◆ DATA SUPPLIED ◆

▬▬▬▬▬▬

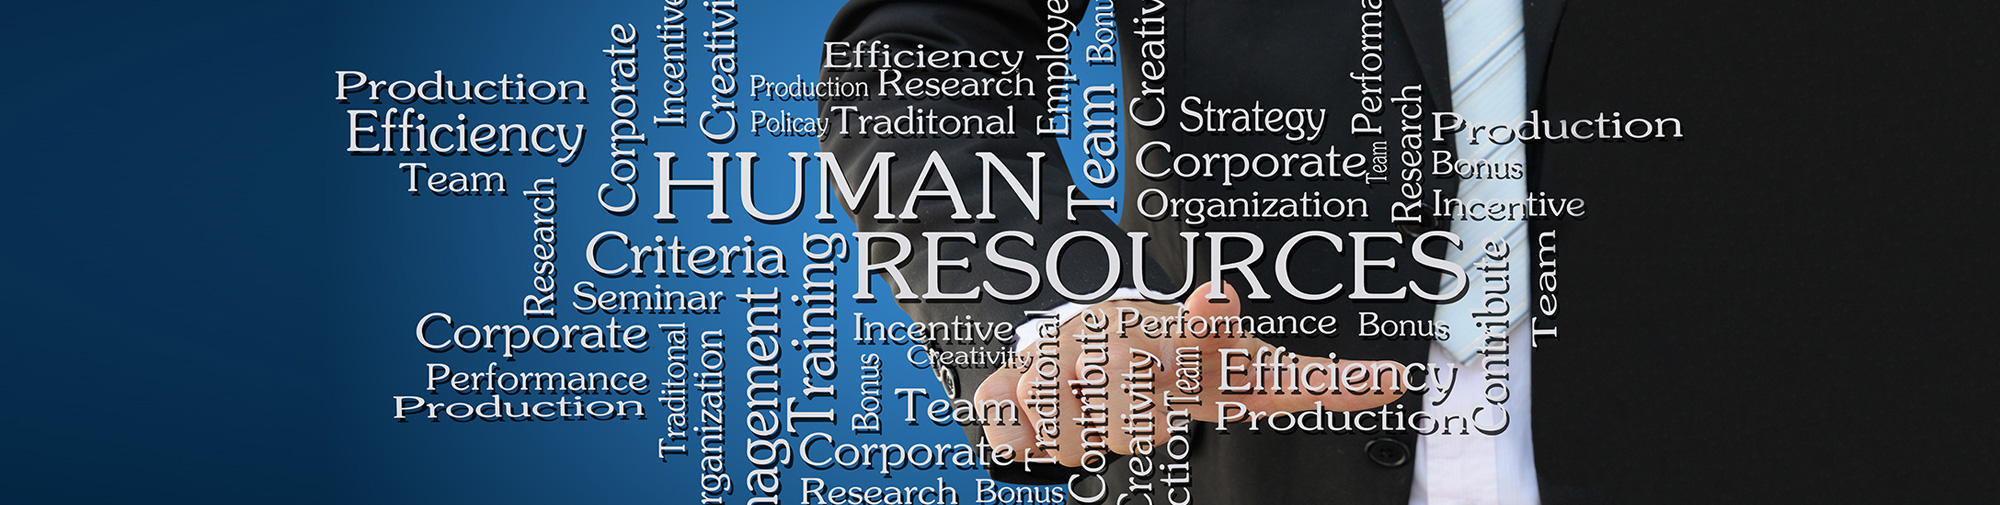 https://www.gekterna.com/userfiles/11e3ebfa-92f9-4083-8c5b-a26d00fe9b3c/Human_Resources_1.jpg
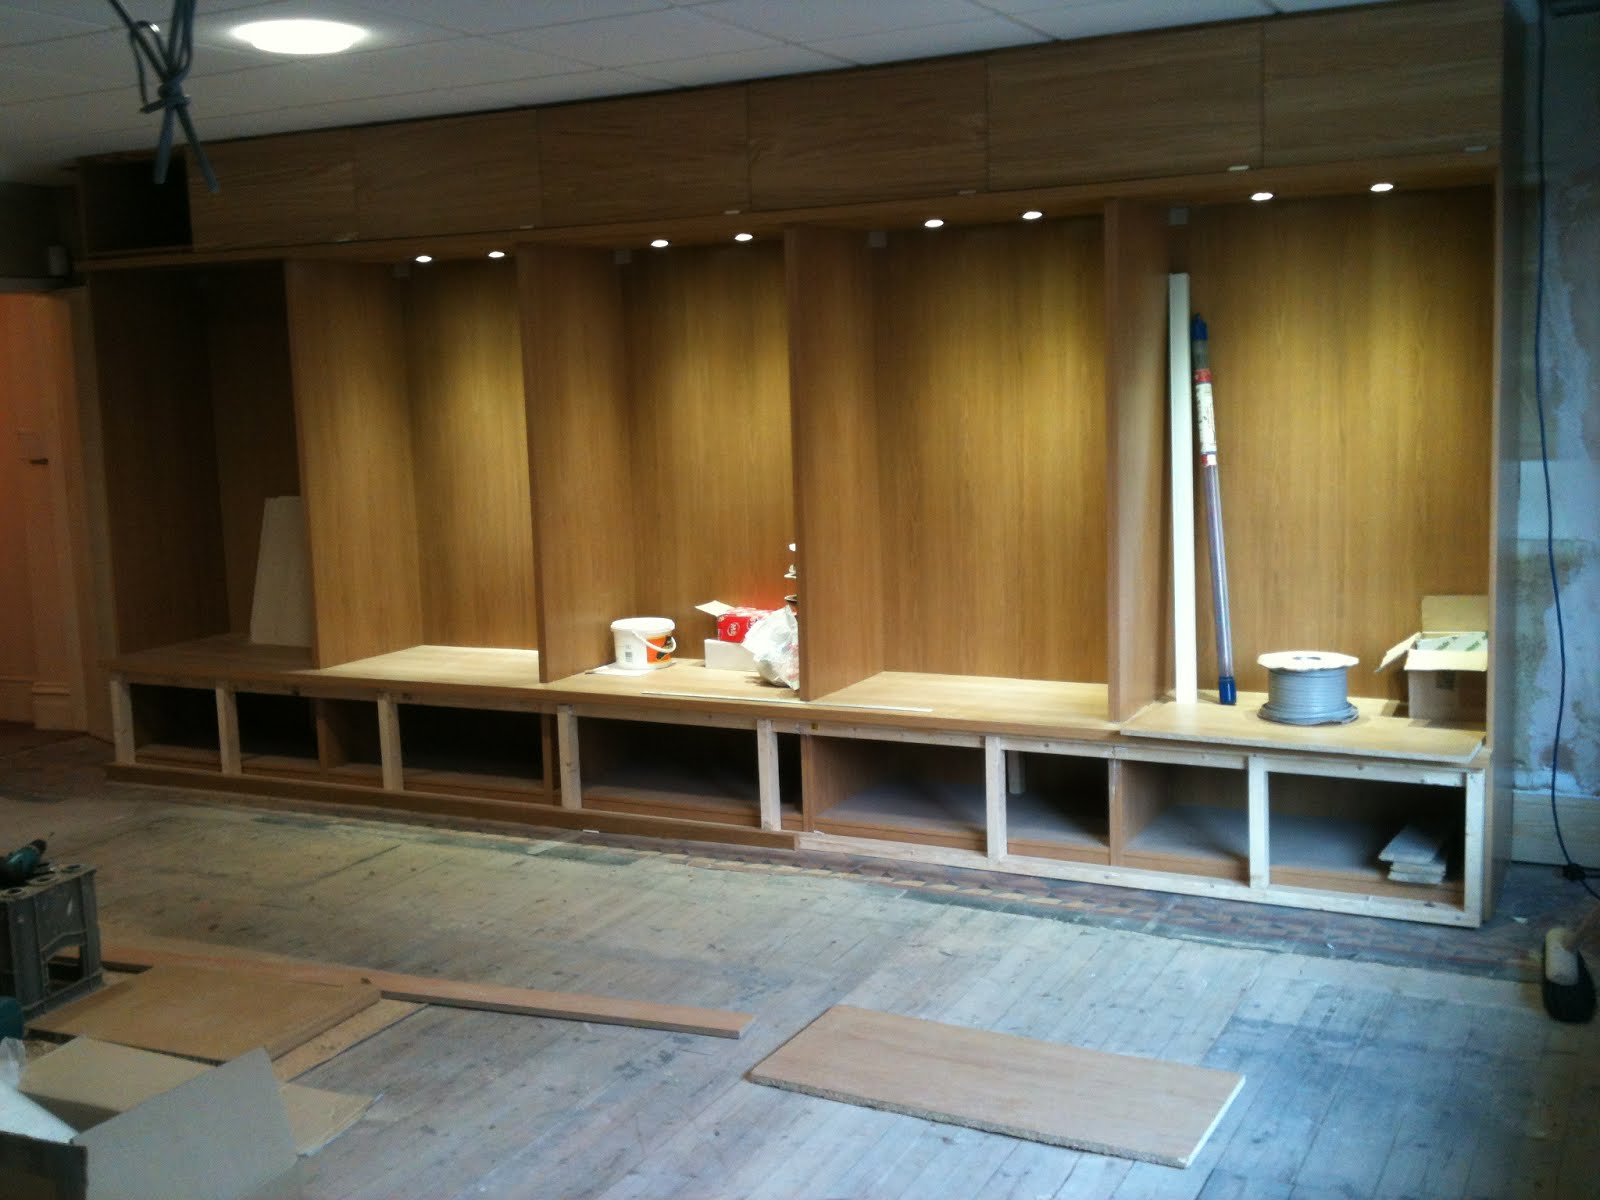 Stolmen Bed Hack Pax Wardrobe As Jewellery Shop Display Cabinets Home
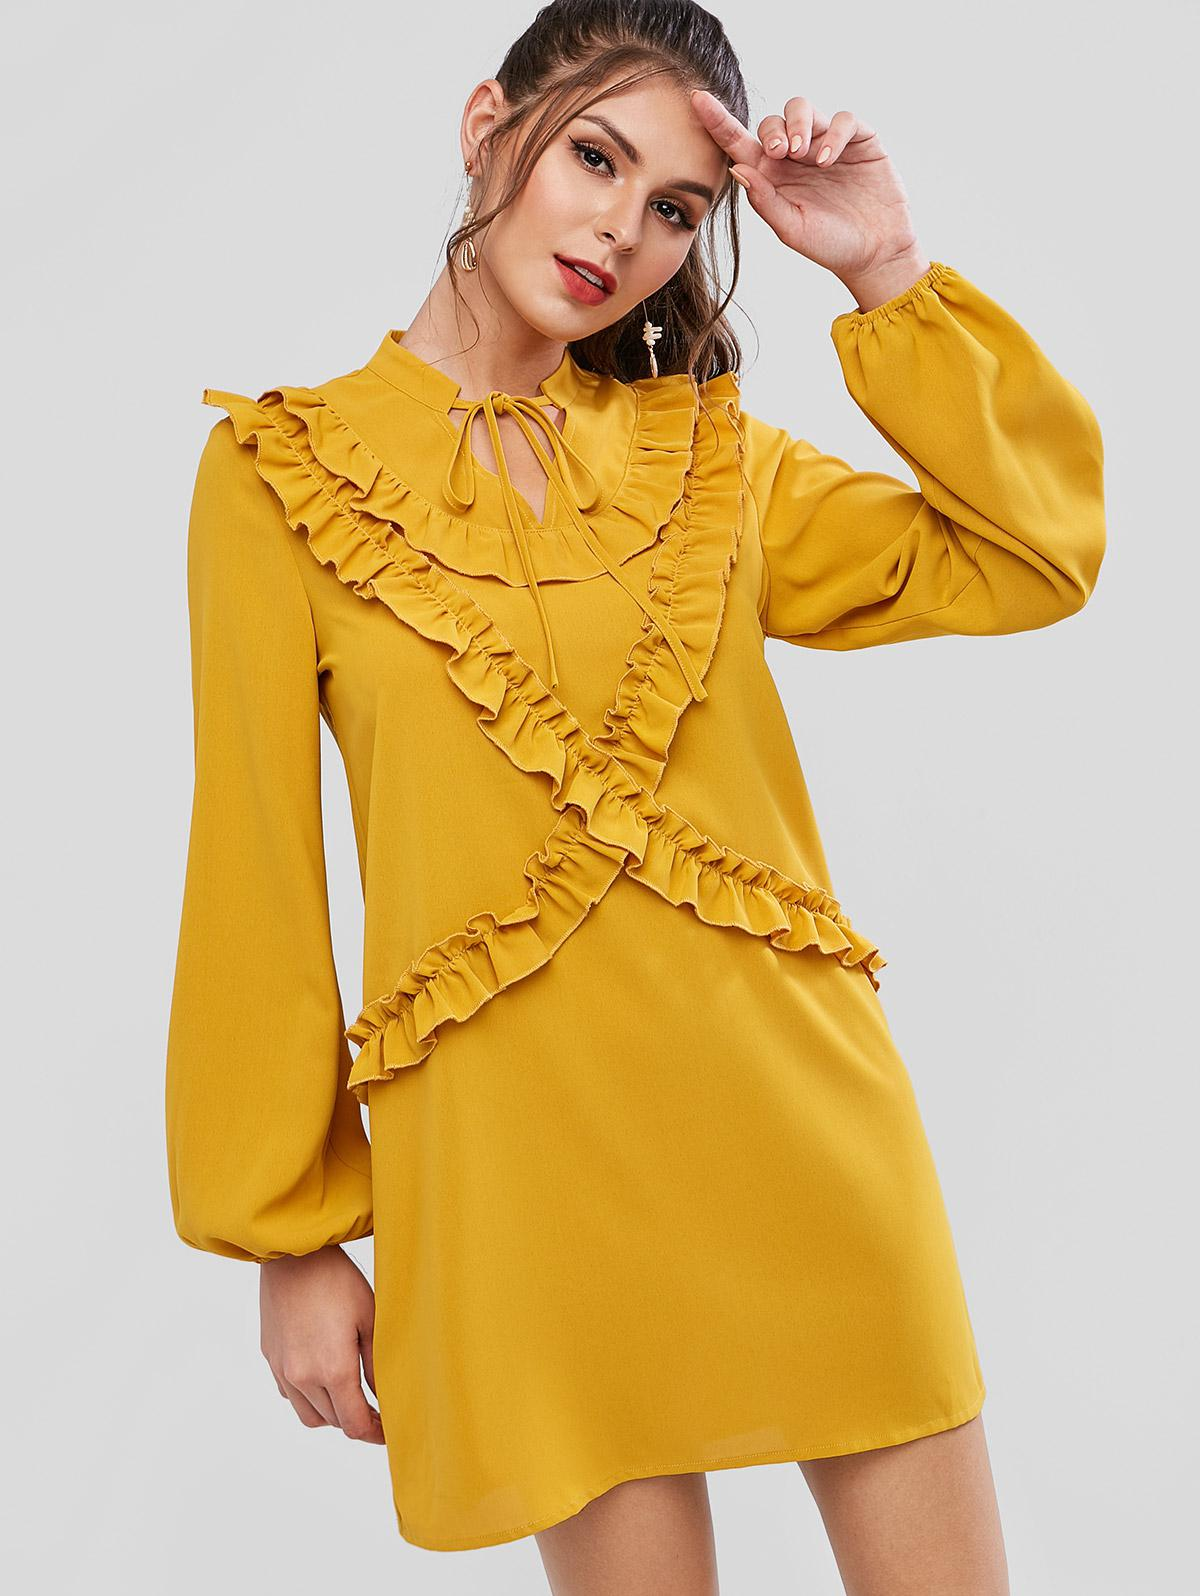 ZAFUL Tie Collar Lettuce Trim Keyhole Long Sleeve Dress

▬▬▬▬▬▬

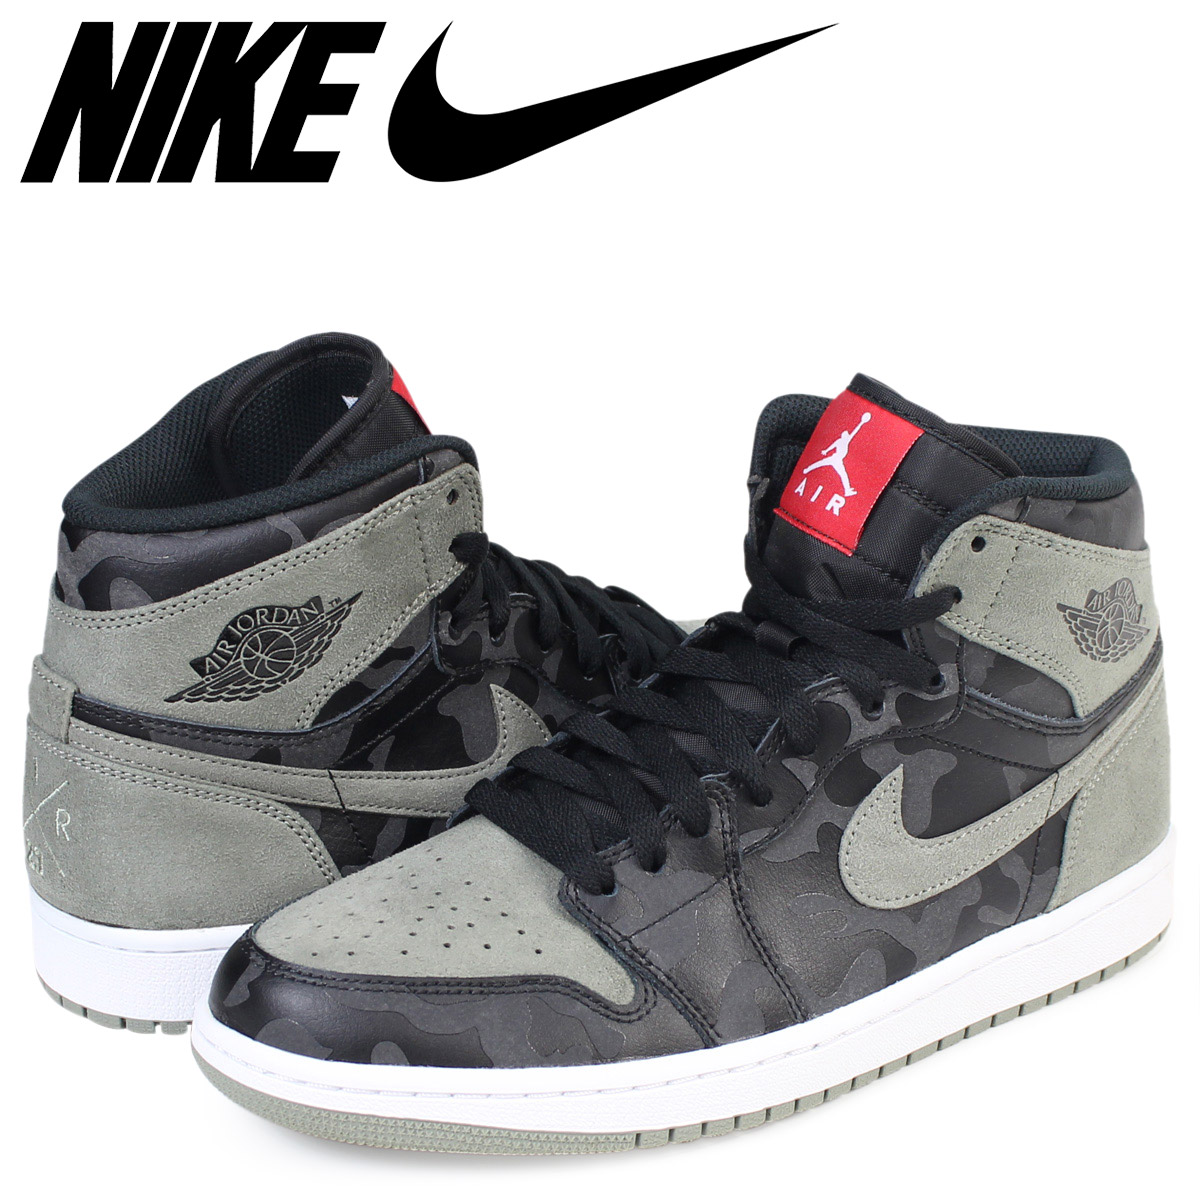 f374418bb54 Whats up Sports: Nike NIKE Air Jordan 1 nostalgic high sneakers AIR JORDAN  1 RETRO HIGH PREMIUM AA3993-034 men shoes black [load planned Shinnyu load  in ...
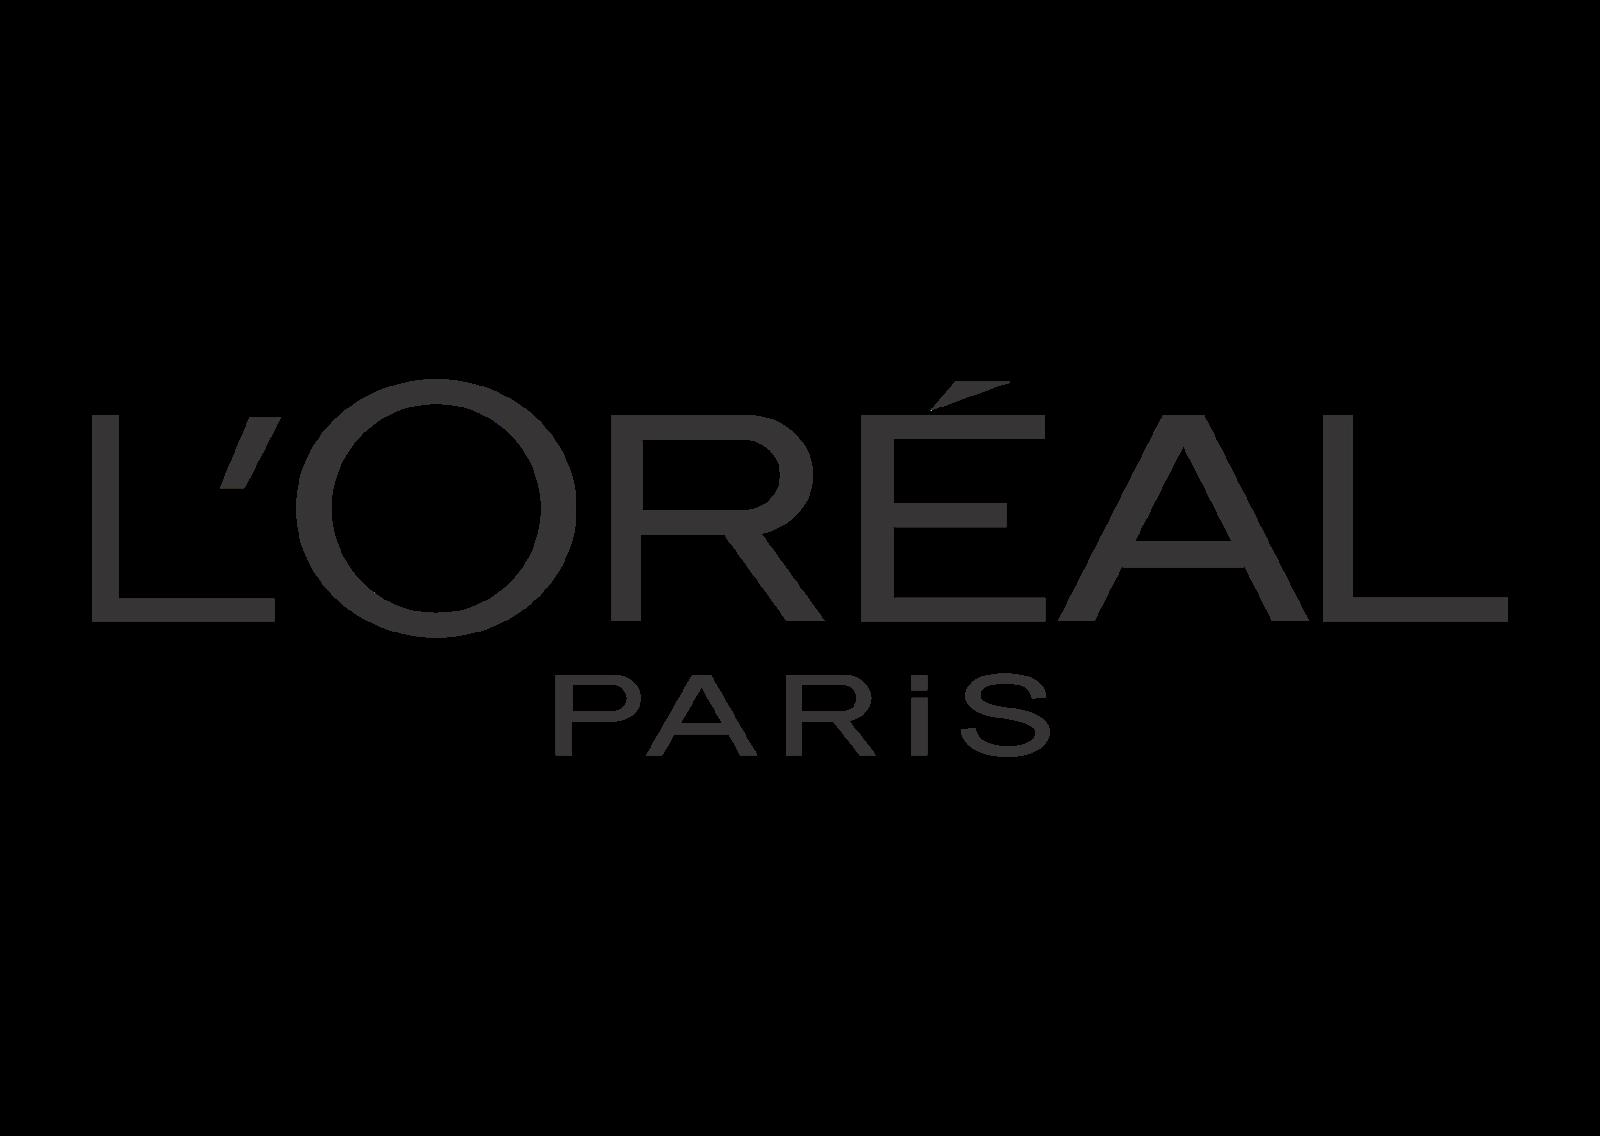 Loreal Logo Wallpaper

▬▬▬▬▬▬

In the listing above, find the line containing "Stolmen Bed Hack" and the line containing "ZAFUL Tie Collar"; print those lines and every line between them exactly, leaving out pictures.

◆ EXERCISE RESULT ◆
 Stolmen Bed Hack Pax Wardrobe As Jewellery Shop Display Cabinets Home
 ZAFUL Tie Collar Lettuce Trim Keyhole Long Sleeve Dress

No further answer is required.